Unlike many of his countrymen who gravitated to Point McLeay Mission (Raukkan) after its establishment in 1859, he was more often a visitor than a resident, spending most of his life travelling among a network of fringe camps that emerged as European settlement displaced Aboriginal people from their country. He was one who, by choice or circumstance, spurned the restrictions of mission life for a precarious freedom that often brought trouble with the law. By the 1870s his constant companion was Mary. After she died in 1892 he was usually in the company of Ada Walker (Niledalli). Photographs and sketches depicted him with a full white beard and grey felt top hat, wearing a ragged jacket or tail-coat, and barefooted. He was also the subject of several portraits by the Adelaide artist Oscar Friström.

By the 1890s, perhaps for no other reason than force of personality, Walker became prominent among the community of fringe-dwellers in Adelaide. The press often reported on his activities and his numerous appearances in court, usually on charges of being drunk and disorderly, using insulting language or begging alms. These accounts revealed a man with a sharp wit and acid tongue. At times, his begging resembled a sort of street theatre in which he would parody the magistrate bringing down his sentence and imposing a fine.

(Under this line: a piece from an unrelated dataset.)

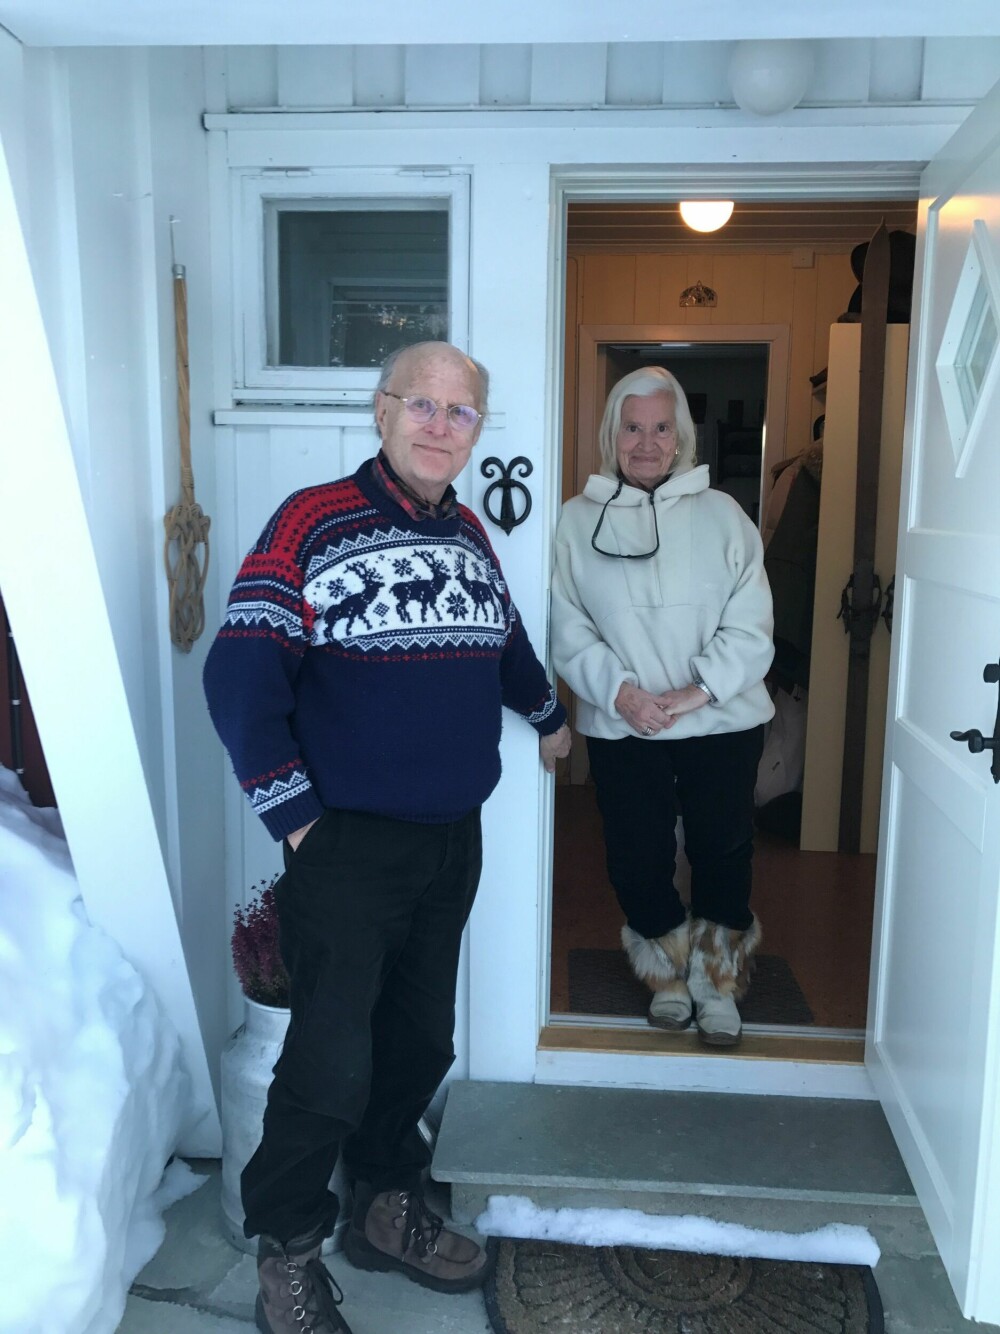 <b>ET AKTIVT PAR:</b> Kari og ektemannen Tore på hytta i Valdres. De stortrives i hverandres selskap. Bildet er tatt av Tores datter.

His activities inspired cartoons and doggerel.

One of many stories about Walker, recalled by Aboriginal people at Point McLeay mission, was that when in church the communion cup was passed to him, Tommy seized and drained it, crying eagerly, 'Fill 'im up again!' A renowned mimic, he spoke good English and scorned being addressed in pidgin. 'His goings out and comings in were watched with great interest, most especially by juveniles . . . ''It's a funny thing”, he exclaimed on one occasion, ''that a gentleman can't walk along the footpath without a crowd of kids after him”'.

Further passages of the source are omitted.